Dude, that was super intense. Nusrat says to tell you she thinks you're a good writer. I think your sentences are too short and not like pretty. Don't get mad, I'm just being honest.

But I have something super, super important to tell you! Like the most important thing ever! Arjun gave me a ring! Like a real ring! I think it's made of gold. It's got a big diamond. He said it's like a pre-engagement ring because he wants to spend his whole life with me. It was super romantic. We were in his car and it was late at night and it was raining and we were like hugging in the backseat (I had quite a lot of my clothes on) and he just took it out and gave it to me and I started crying and I think even he teared up although I couldn't tell because he's going through this phase where he wears sunglasses all the time. It is the most romantic thing that has ever happened to me.

I have to hide it from my parents because they'd flip out. And I can't wear it to school because rings are not allowed which really sucks because I'm dying to like literally rub it in everyone's face but I can't because he made me promise not to show it to anyone. Haha, he may have stolen it.

Do you think we're like engaged?

I'm going to post this right away so you'll get it faster.

Love,

Tania Malhotra nee Ghosh

PS—Do you think we should meet before I get married?

June 26, 1991

Bombay

Dear Tanya,

I told you Nusrat doesn't like Arjun.

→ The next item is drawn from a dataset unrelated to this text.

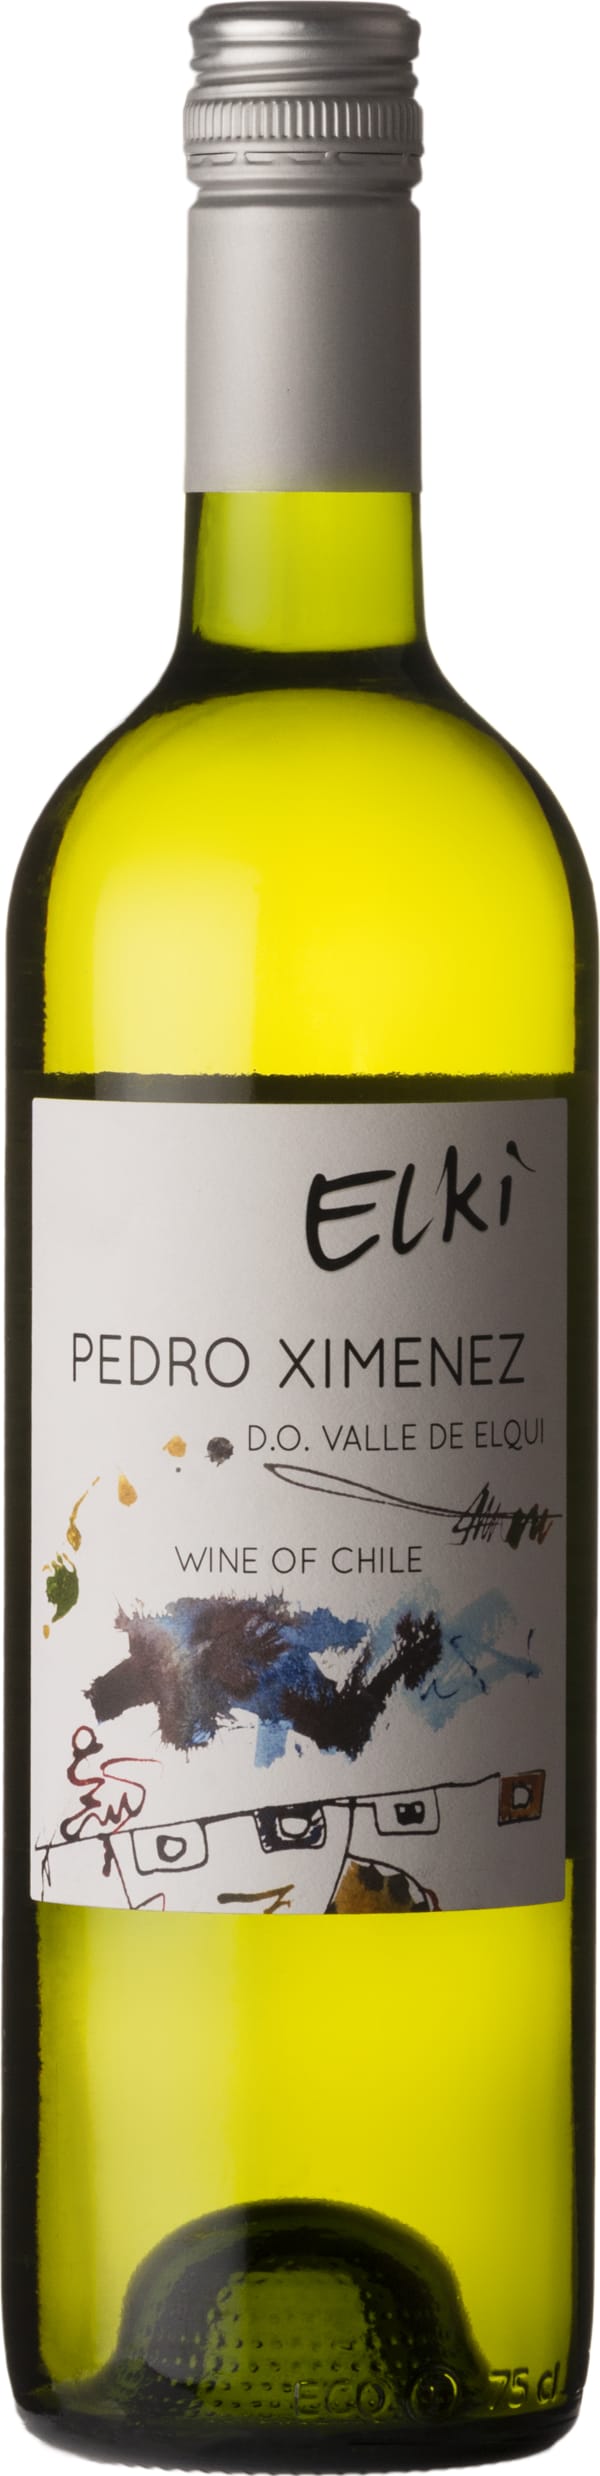 Elki Pedro Ximenez 2022 75cl - Buy Elki Wines from GREAT WINES DIRECT wine shop

I told you that. You don't listen.

Today I had a really deep conversation with Anahita Boriwala. Did I tell you she has no friends? We talked about suicide and parents drinking and wanting to shave off all your hair like Sinead O Connor. She wears two plaits, you know. Even if she hadn't been fat and ugly those plaits would make her ugly. I told her at the end of our conversation that we should talk more but I didn't mean it even in the second when I was saying it.

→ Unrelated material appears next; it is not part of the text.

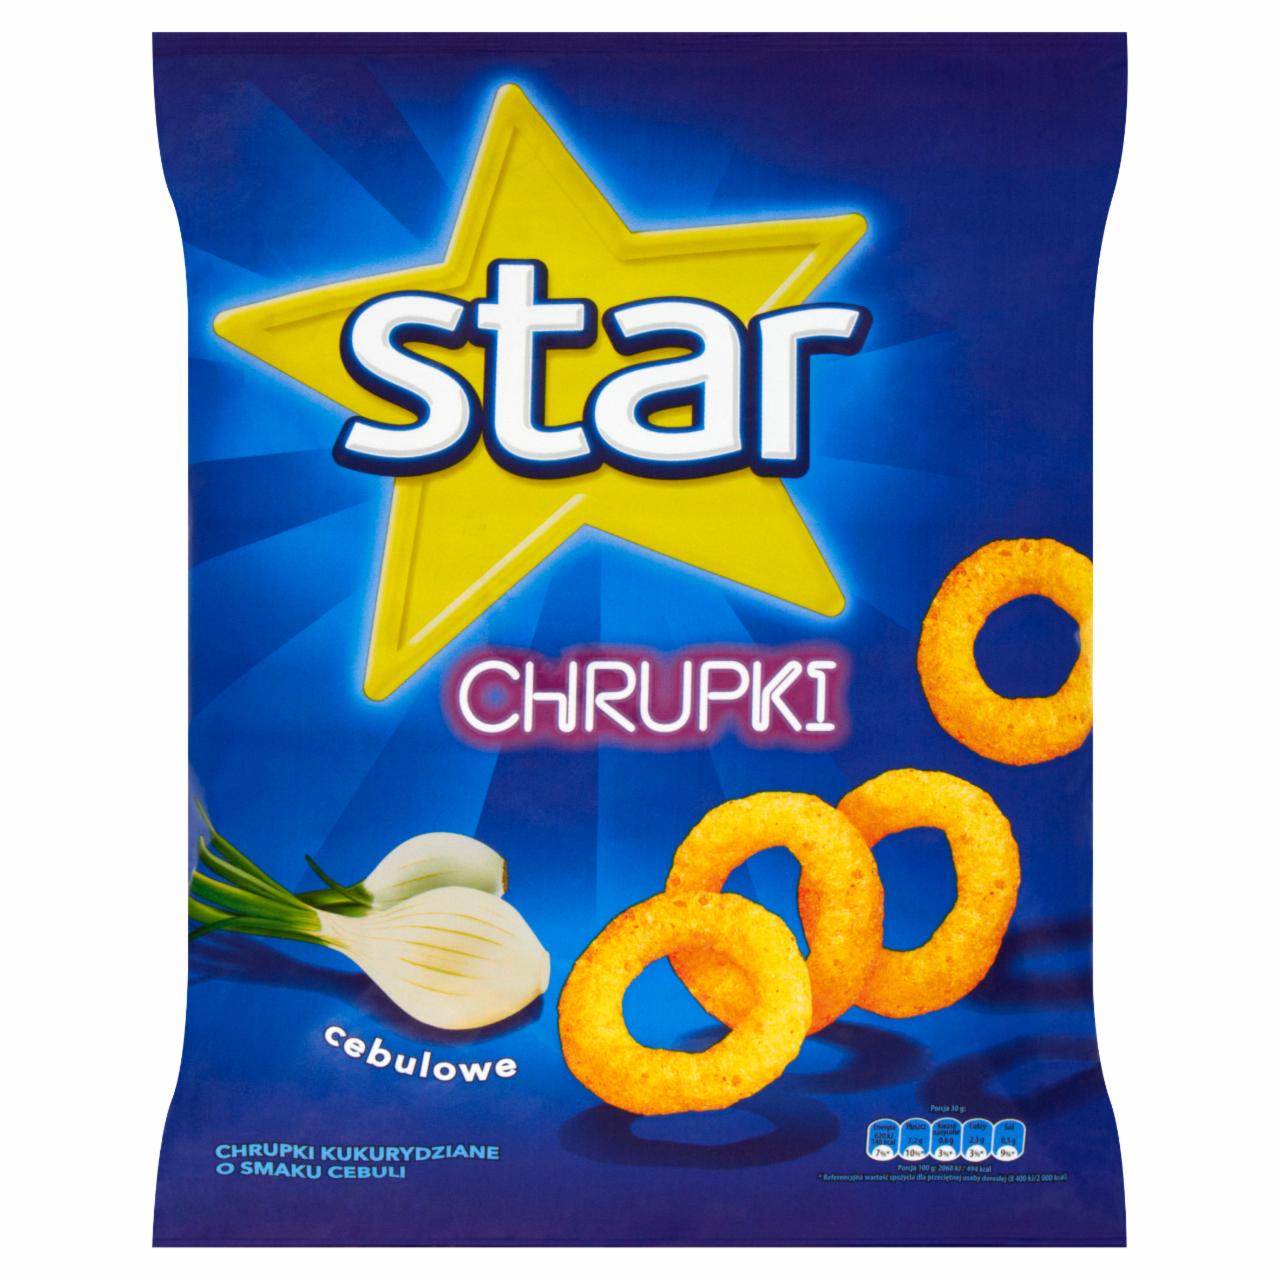 Zdjęcia - Star Chrupki cebulowe 150 g

You're thinking I'm a bitch. Except you're the one using Chhoti Bibi to get into college.

My parents had a big fight today. It sounds like such a cliché but they really have been fighting a lot. I mean, there's always a lot of yelling and shouting in my family but lately it's gotten out of control. My mom says it's because we're intelligent people who enjoy debate but I know she's not talking about me. I'm not intelligent.

I mean she doesn't say it but when she's super mad at me she can't stop herself and she says stuff like she doesn't know what she did to get a daughter like me.

Then my dad gets really mad at her and starts yelling at her and then they forget about me and I go to my room and call Arjun from my own phone line that my Dad got me for my sixteenth birthday. Which my Mom says was with her money. She keeps threatening to disconnect it.

Sometimes when they fight a lot my dad sleeps outside on the couch and sometimes I go and sleep next to him. He puts his arm around me and even though I hate the smell of whisky on his breath, I love how it feels. His stubble tickles me and his arm around me feels like nothing can get to me.

But the last time he made me go back to my bedroom. He said I was getting too old for this. What is ‘this'?

My mother locked me into my room which sounds awful but it's such a joke because I can climb the railing of the window and slip out over the top. That's the great thing about being skinny. Other than of course being able to wear whatever I want without bras.

I'm sitting outside right now, writing this. I have Arjun's cigarettes and I am going to smoke all of them so that the box is over because right now the only person I hate more than I hate my mom and my dad is him.